雖然這裡苦了點,但回去總會和朋友說到,這讓她以後怎麼開口。鄭楚漲紅臉,要拿開他的手。
「不行,回去再說,絕對不行。」
她轉過頭,看見陸為真委屈的眼神,人都要被臉上的熱氣燒熟了。
他有什麼好委屈的?這事就不能挑個正經場合嗎?
但陸為真的手卻沒有鬆開的意思,鄭楚的話都說不清了。
「我們回去,回去!」鄭楚吸了口氣,「為真,萬一有人過來找我們怎麼辦?被發現就太尷尬了,回去再做。」
陸為真只好鬆了手,往後退了幾步,鄭楚都要被他嚇死了,「你以後可別這樣了,這種地方不可以。」
他回到椅子上坐著,拿起桌上的一張紙和筆,也不知道聽進去了沒有,似乎在寫什麼東西。鄭楚趕緊拿出裡面的一些以前的日用品,讓陸為真和她回去。

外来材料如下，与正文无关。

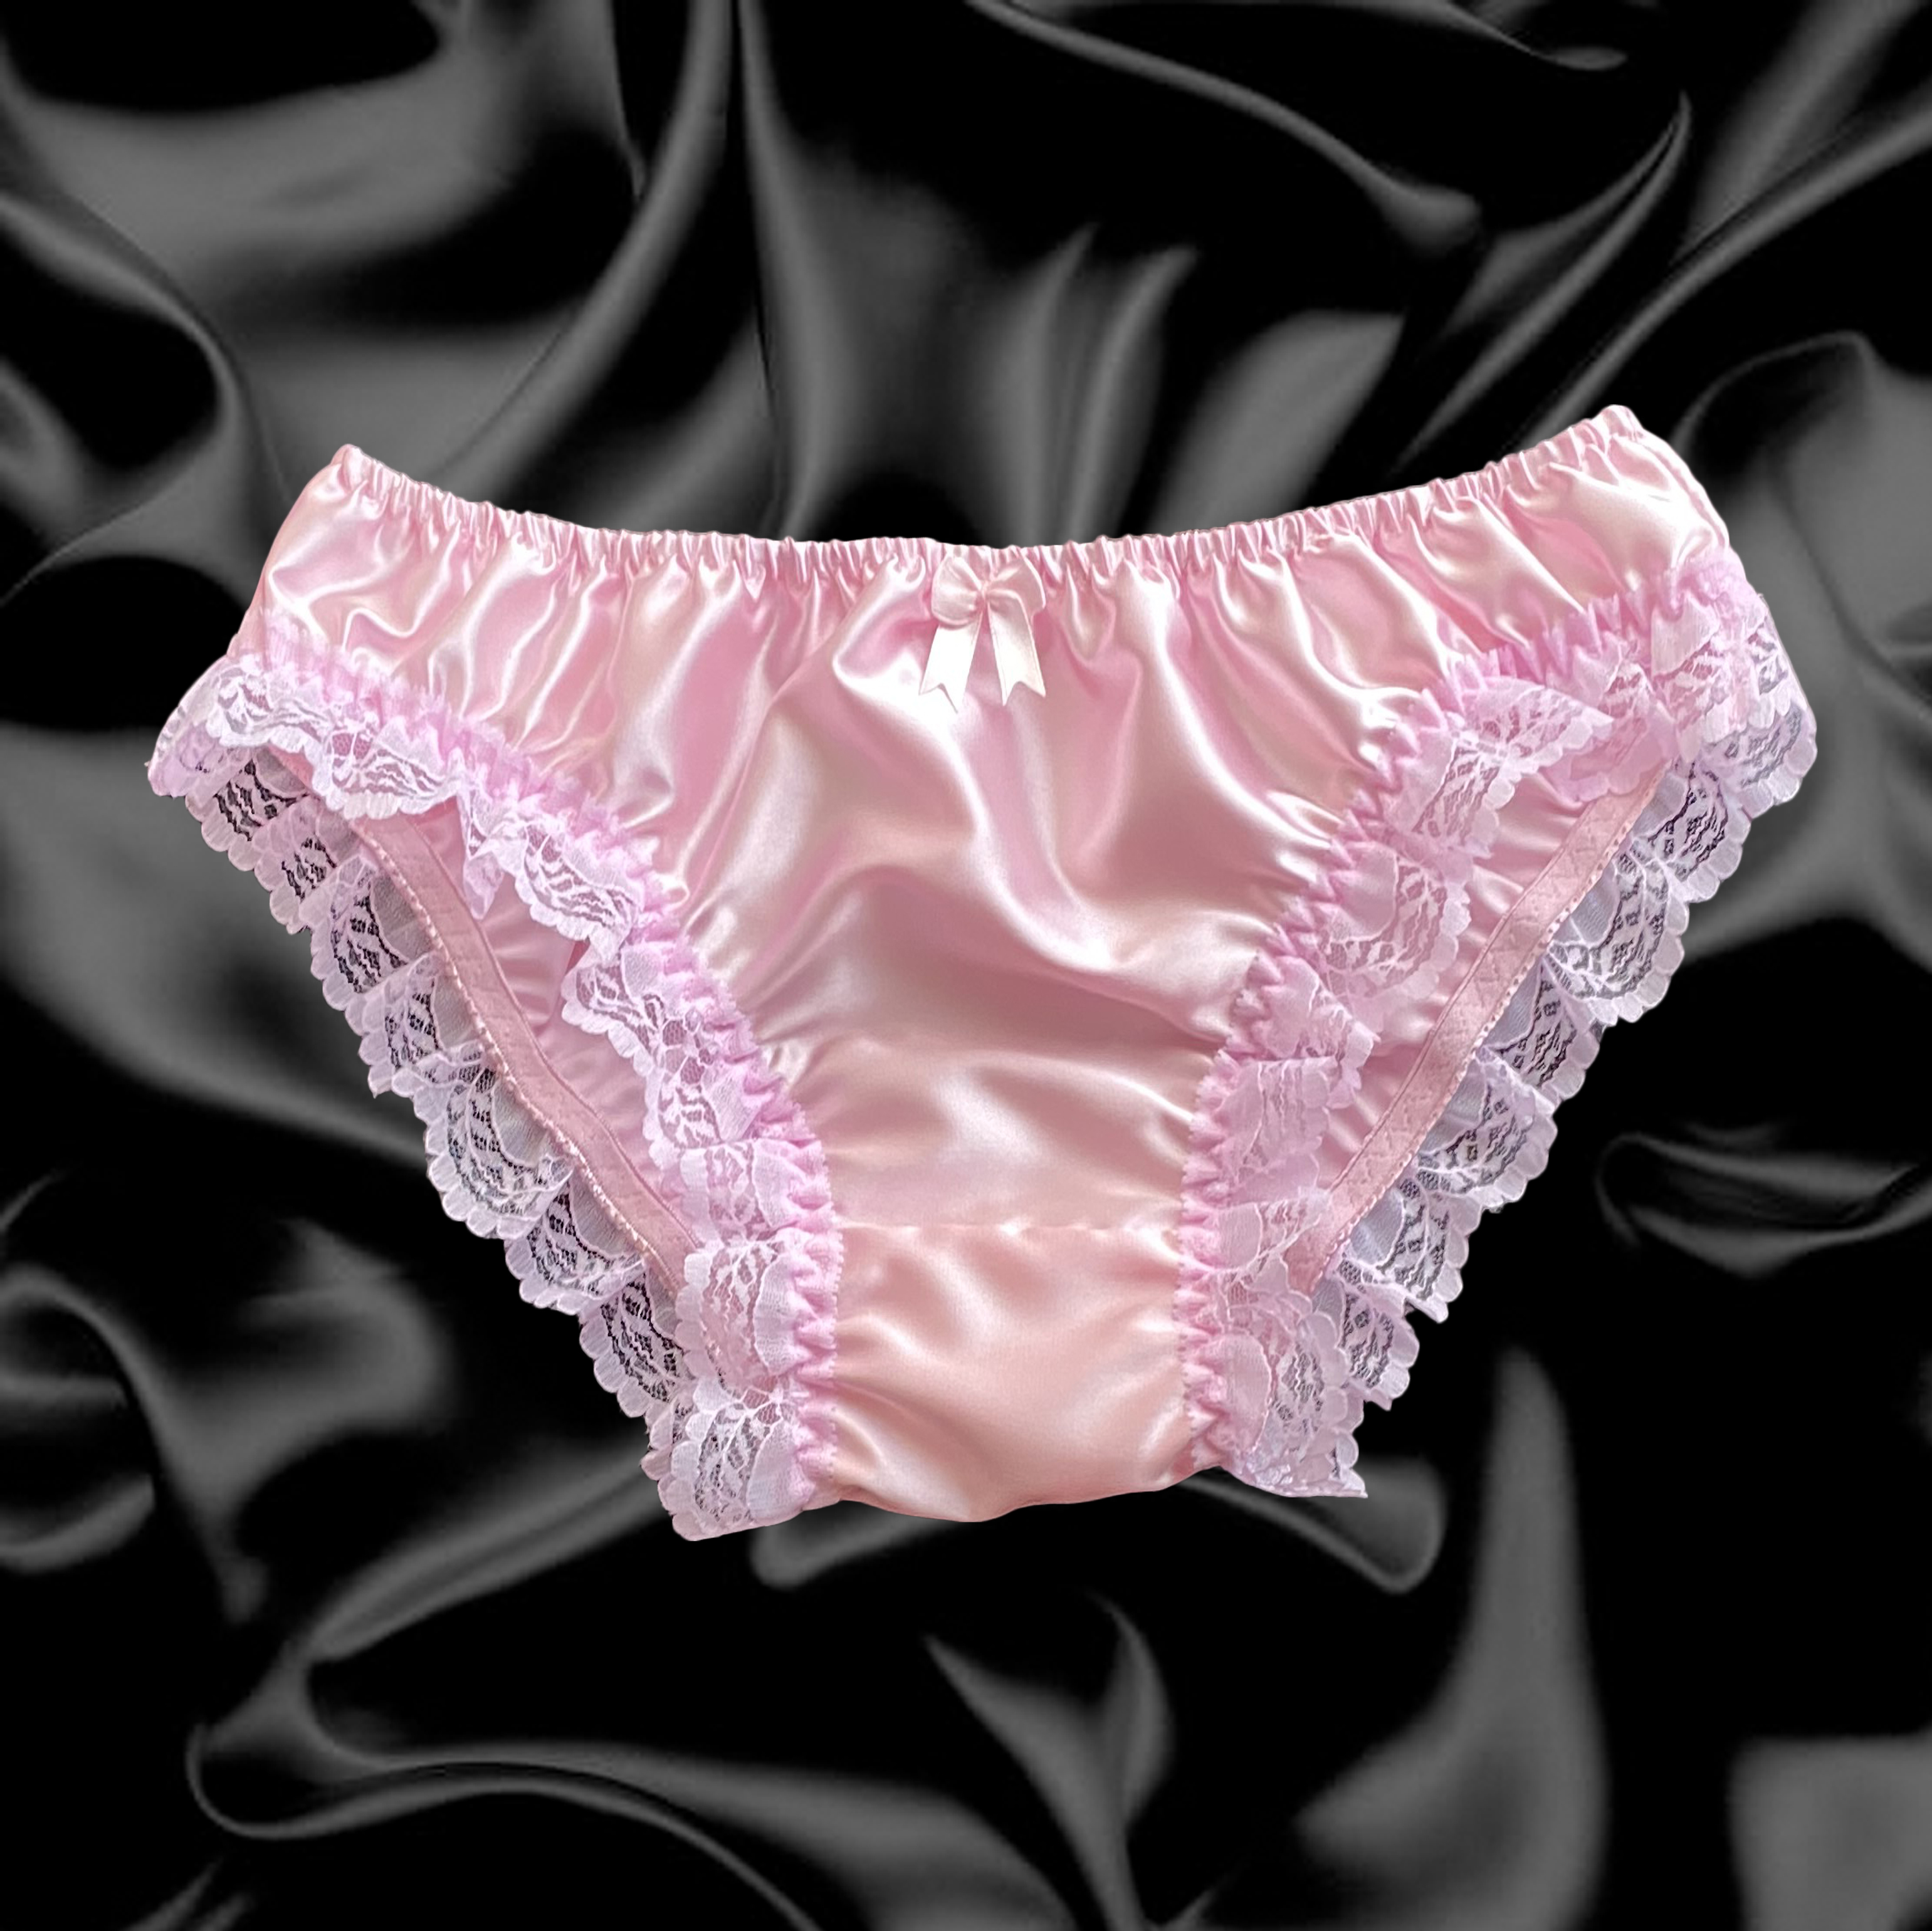 dinesh kumar s add photo pink pantie pics

陸為真接過她手上的東西,放在桌上,又把自己剛寫的東西給她。
「別生氣了,就來一次,行不行?」
肯定不行!鄭楚皺眉抬起頭,陸為真卻一把將她拉進懷裡。她還沒反應過來,就已經坐在他大腿上。
「為真,你今天怎麼了?你以前不這樣的。」
陸為真輕拍她的背,哄著她,親了一口她的額頭後,又朝前指了指。
鄭楚順著他的手指,看到顧元澤的座位,頓時又好氣又好笑,「你吃醋了?因為我經常和他在一起?」
陸為真也不假裝,直接點頭。
「那也不行,」鄭楚說,「我和元澤沒關係。」
陸為真眼神變得更加委屈,他默默抱著她,沒有再做任何表示。鄭楚心中扶額,都不明白他這是怎麼回事,怎麼就和顧元澤槓上了?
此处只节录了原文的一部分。